Once "Class 4K UHD" turns up in a line below, reproduce that line and those after it exactly, stopping after the line with "The Arvind Store"; leave pictures out.

_Supplied material_
►

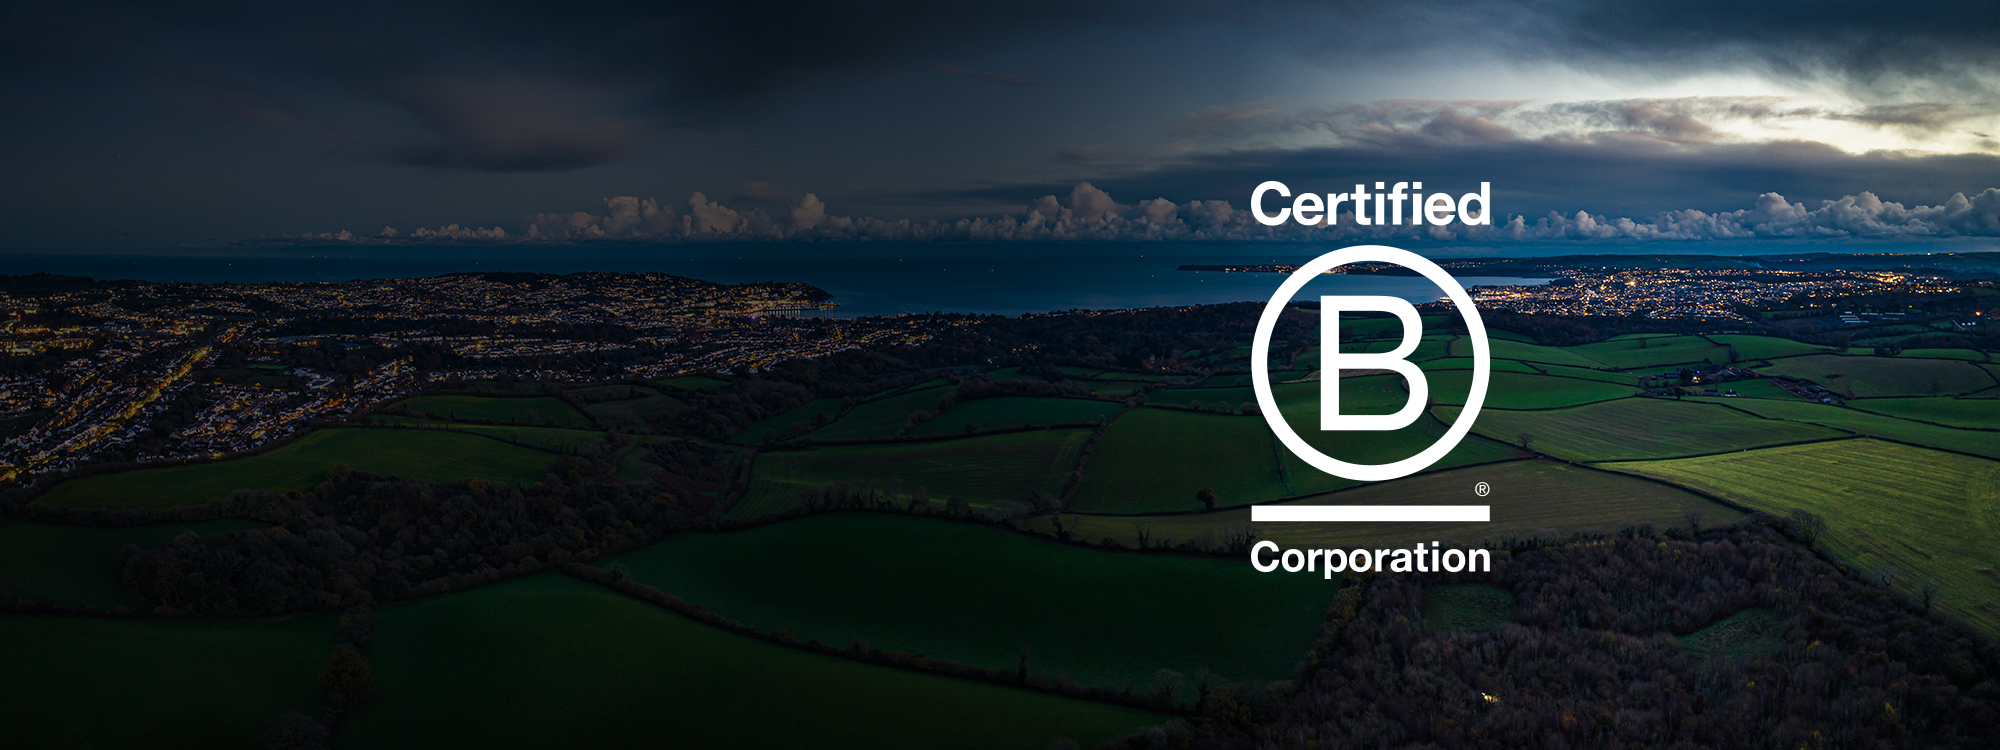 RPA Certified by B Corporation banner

◄
►

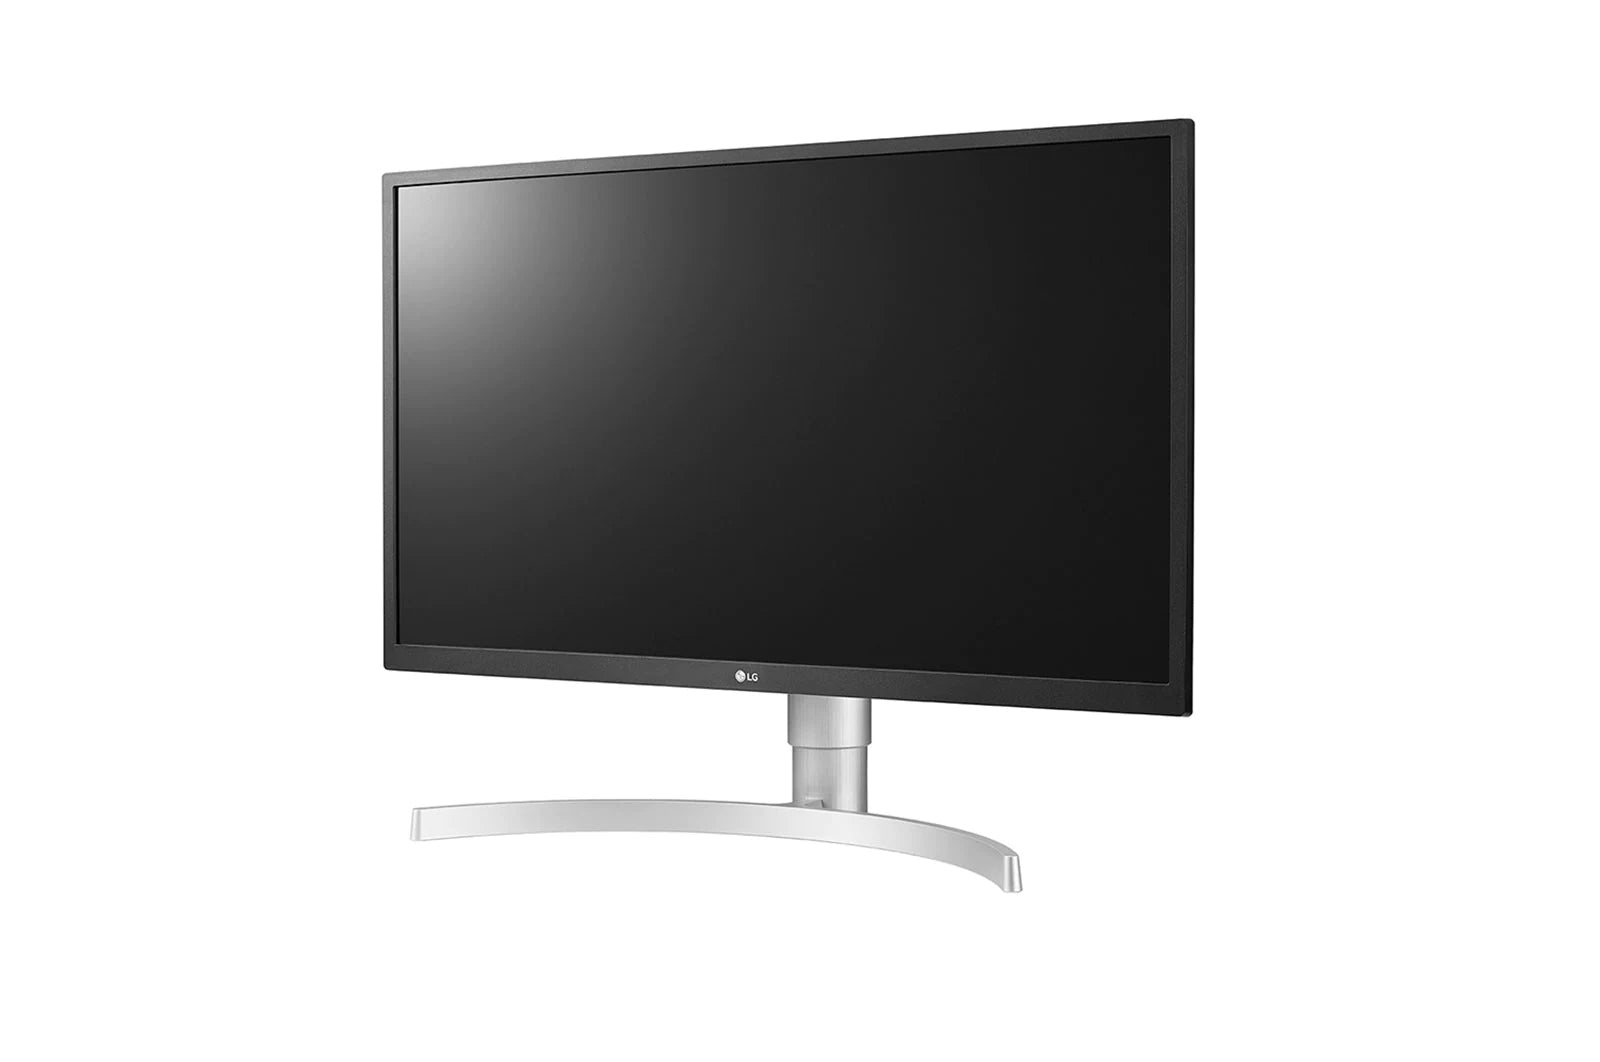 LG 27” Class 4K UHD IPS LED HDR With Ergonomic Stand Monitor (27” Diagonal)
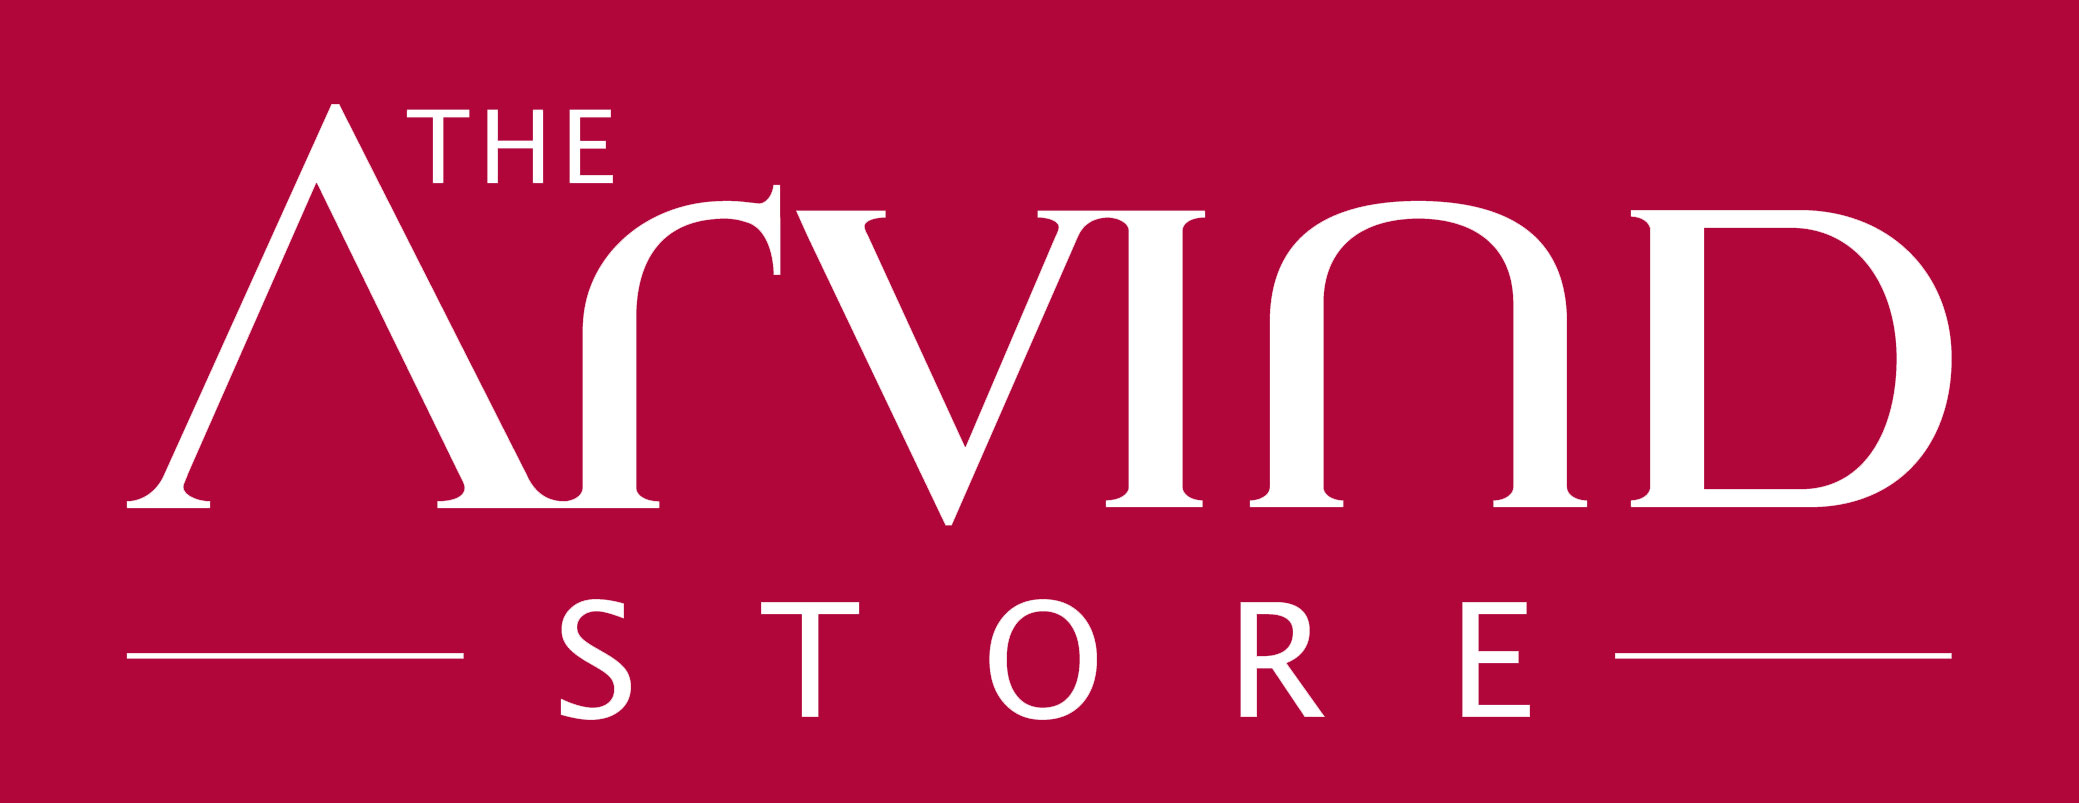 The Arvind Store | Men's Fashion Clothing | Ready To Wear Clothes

◄

_Task result_
 LG 27” Class 4K UHD IPS LED HDR With Ergonomic Stand Monitor (27” Diagonal)
 The Arvind Store | Men's Fashion Clothing | Ready To Wear Clothes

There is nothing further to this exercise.